The gaze rules are kind of... a mess. For one thing, the Dungeon Master’s Guide and Rules Compendium disagree on the action necessary to actively use a gaze (DMG has it as an attack action; RC has it as a standard action separate from the attack action); see here for the confusion and controversy around RC supplanting core.
For another, the rules clearly do not consider the possibility of a creature with more than one gaze attack at all. This makes it very difficult to deduce how things are “supposed” to be. I will offer a pedantically-literal rules-as-written analysis, but with the caveat that really, it seems clear to me that the rules just don’t consider this situation at all and really you should ask the DM.
Passive Gaze Attacks
Each character within range of a gaze attack must attempt a saving throw (which can be a Fortitude or Will save) each round at the beginning of his turn.

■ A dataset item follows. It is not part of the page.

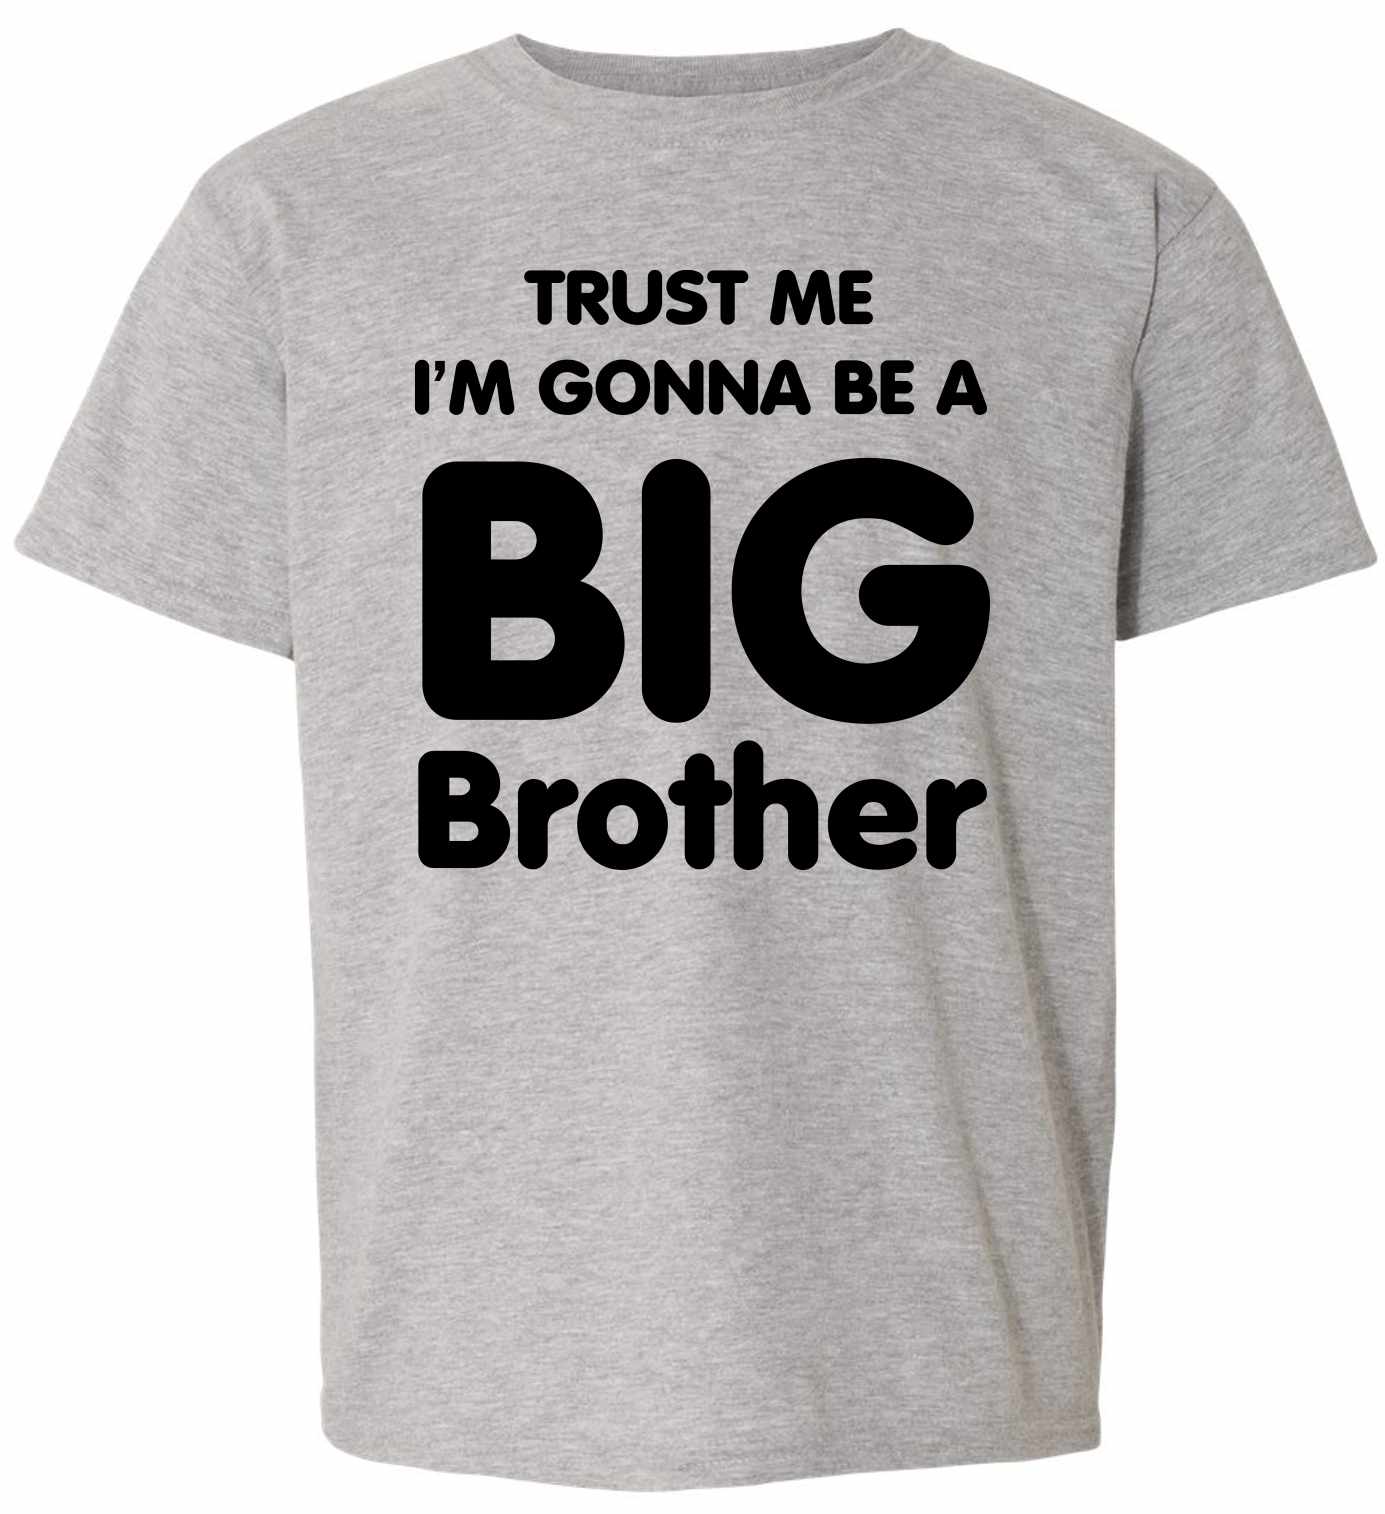 Trust Me I'm Gonna be a Big Brother on Kids T-Shirt (#810-201)

This statement makes no distinction between where the gaze is coming from; just forces all creatures in range of any gaze to make a saving throw against it each round. So if there are two gazes, each character is making two saving throws each round. The two gazes do not interact at all.
Active Gaze Attacks
A creature with a gaze attack can actively attempt to use its gaze as an attack action [RC: standard action]. The creature simply chooses a target within range, and that opponent must attempt a saving throw.
The issue here is “its gaze.” Is that the gaze attack referred to in the previous sentence? If so, then the creature has to choose a single gaze attack to focus on a target. Or is that just the creature’s gaze, which includes at least one gaze attack but possibly more? If so, then the creature has to roll... a single saving throw against all of them? After all, the rules as “a saving throw.”